» **Task statement**
Leaving out all pictures, write down exactly the lines from the one containing "Universal - Haut-parleurs" through the last line of the material.

» **Exercise data**

++++

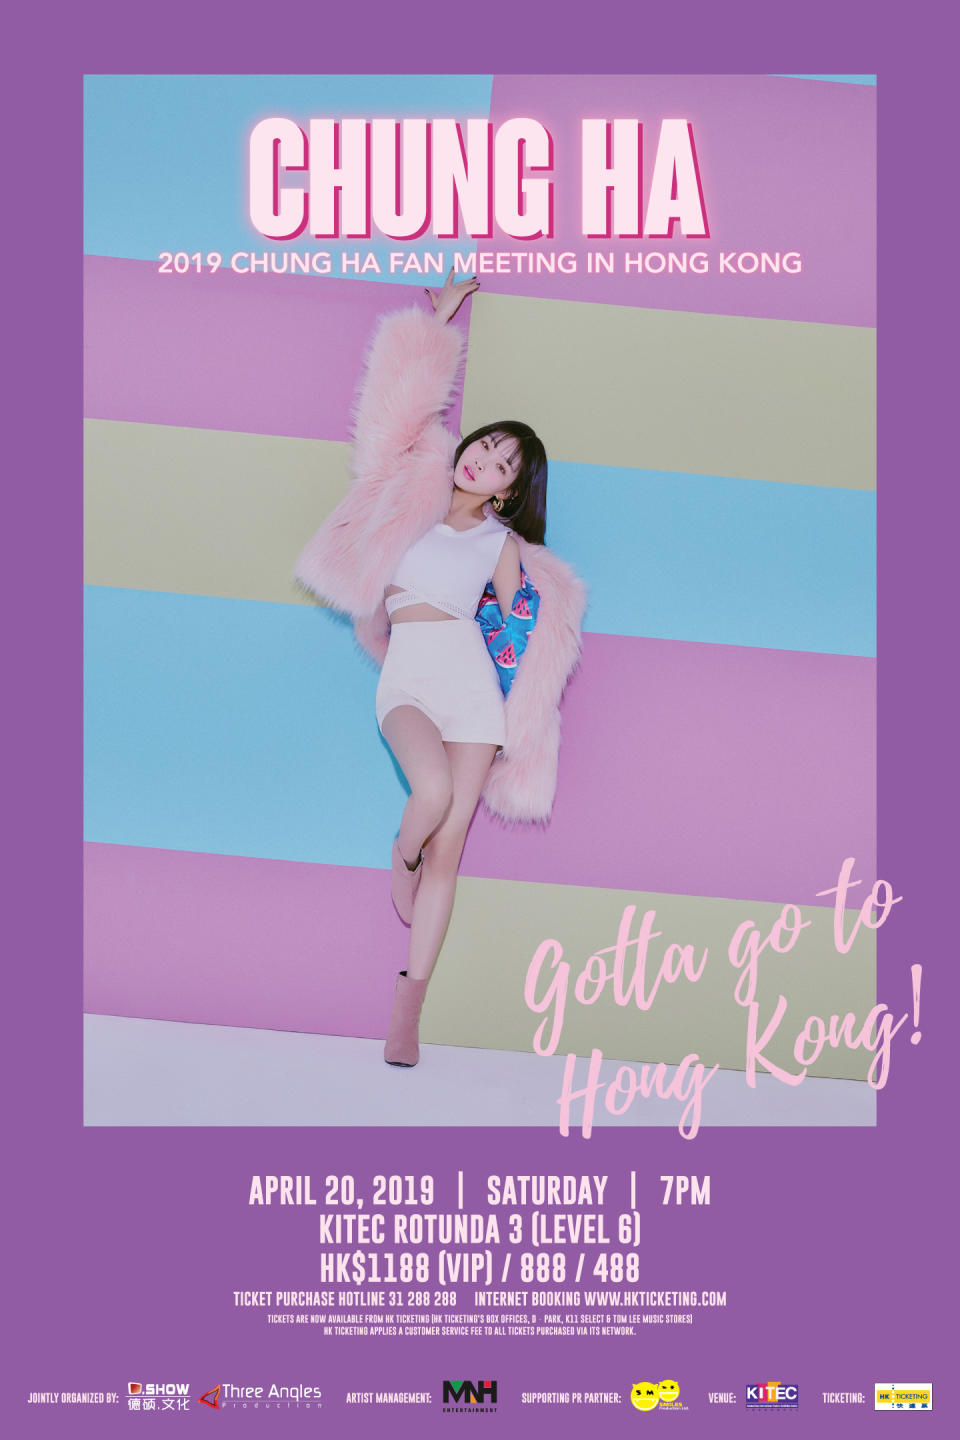 請夏日前宣佈將於4月20日（六）假九龍灣國際展貿中心Rotunda3舉行「2019 CHUNG HA FAN MEETING IN HONG KONG」。這將會是金請夏首次在香港進行粉絲見面會，與一眾香港的BYULHARANG（金請夏粉絲官方名）見面，齊齊歡度復活節長假期。
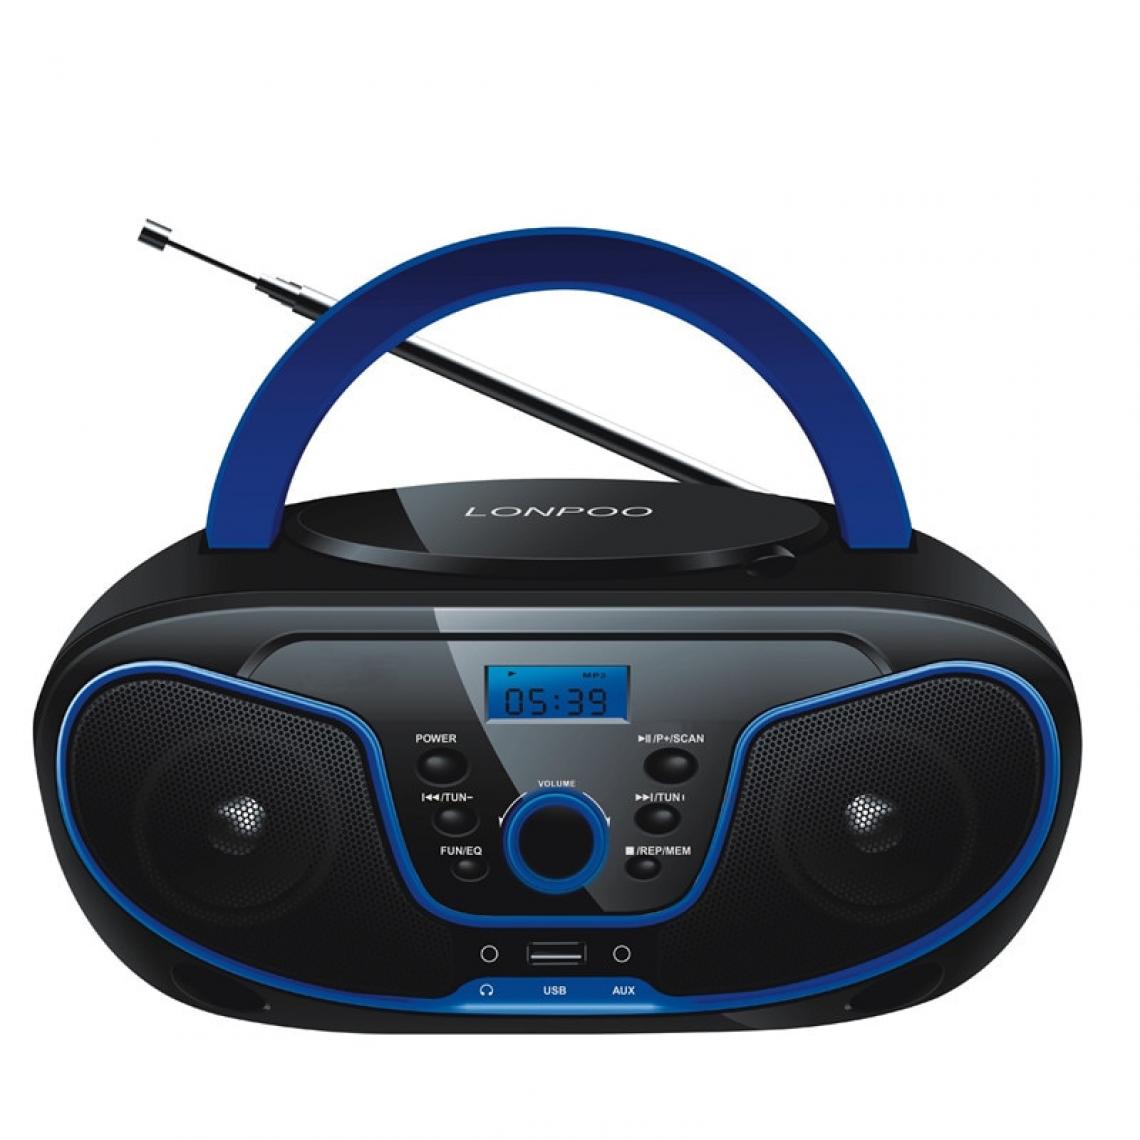 Universal - Haut-parleurs Mini lecteur CD portable haut-parleur Bluetooth MP3 USB FM radio casque sans fil haut-parleur stéréo auxiliaire | Haut-Parleur portable (noir) - Enceinte PC
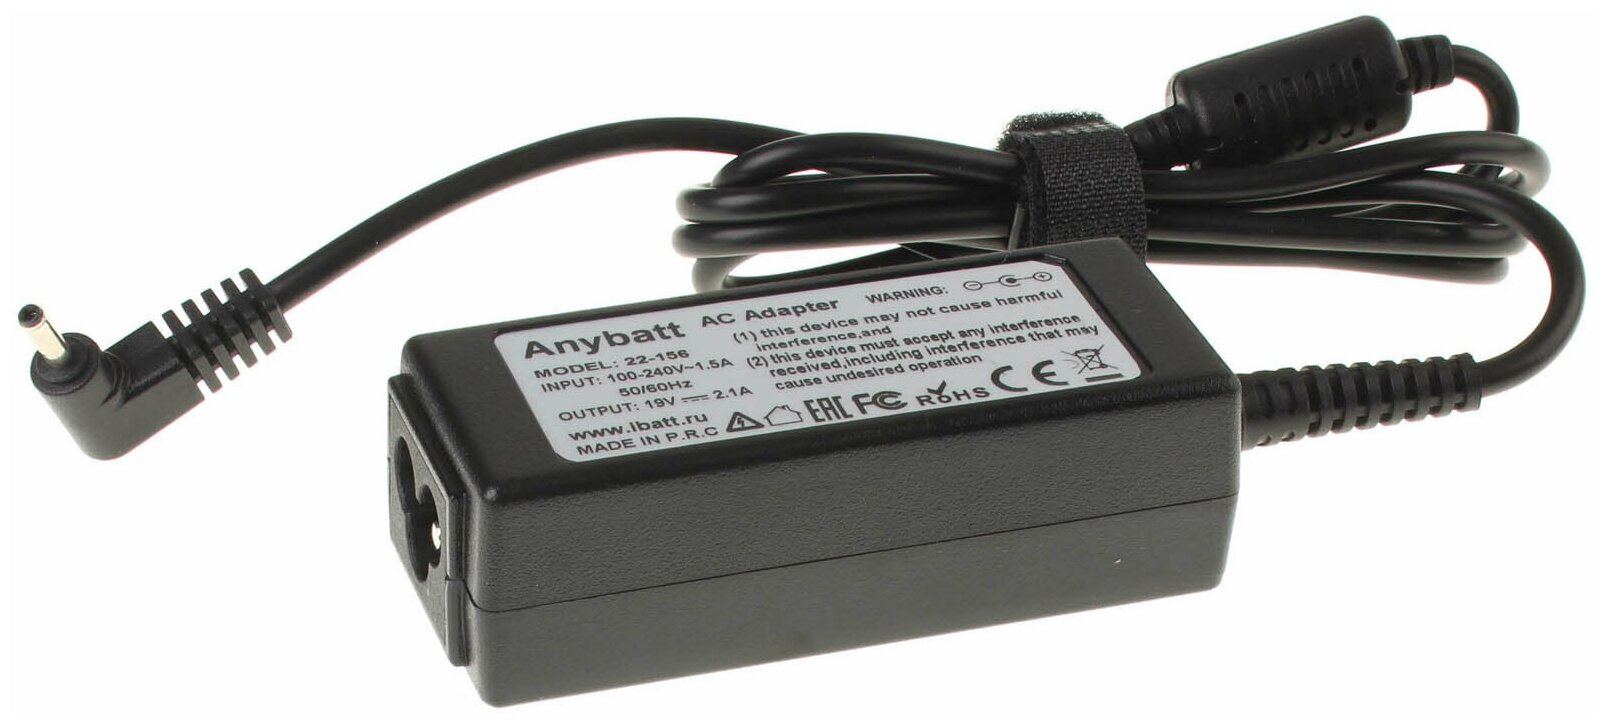 Блок питания Anybatt 22-B1-156 19V 21A 40W разъём 3.0*0.8 mm для Samsung PA-1400-14 AD-4019P A13-040N2A

++++

» **Problem solution**
 Universal - Haut-parleurs Mini lecteur CD portable haut-parleur Bluetooth MP3 USB FM radio casque sans fil haut-parleur stéréo auxiliaire | Haut-Parleur portable (noir) - Enceinte PC
 Блок питания Anybatt 22-B1-156 19V 21A 40W разъём 3.0*0.8 mm для Samsung PA-1400-14 AD-4019P A13-040N2A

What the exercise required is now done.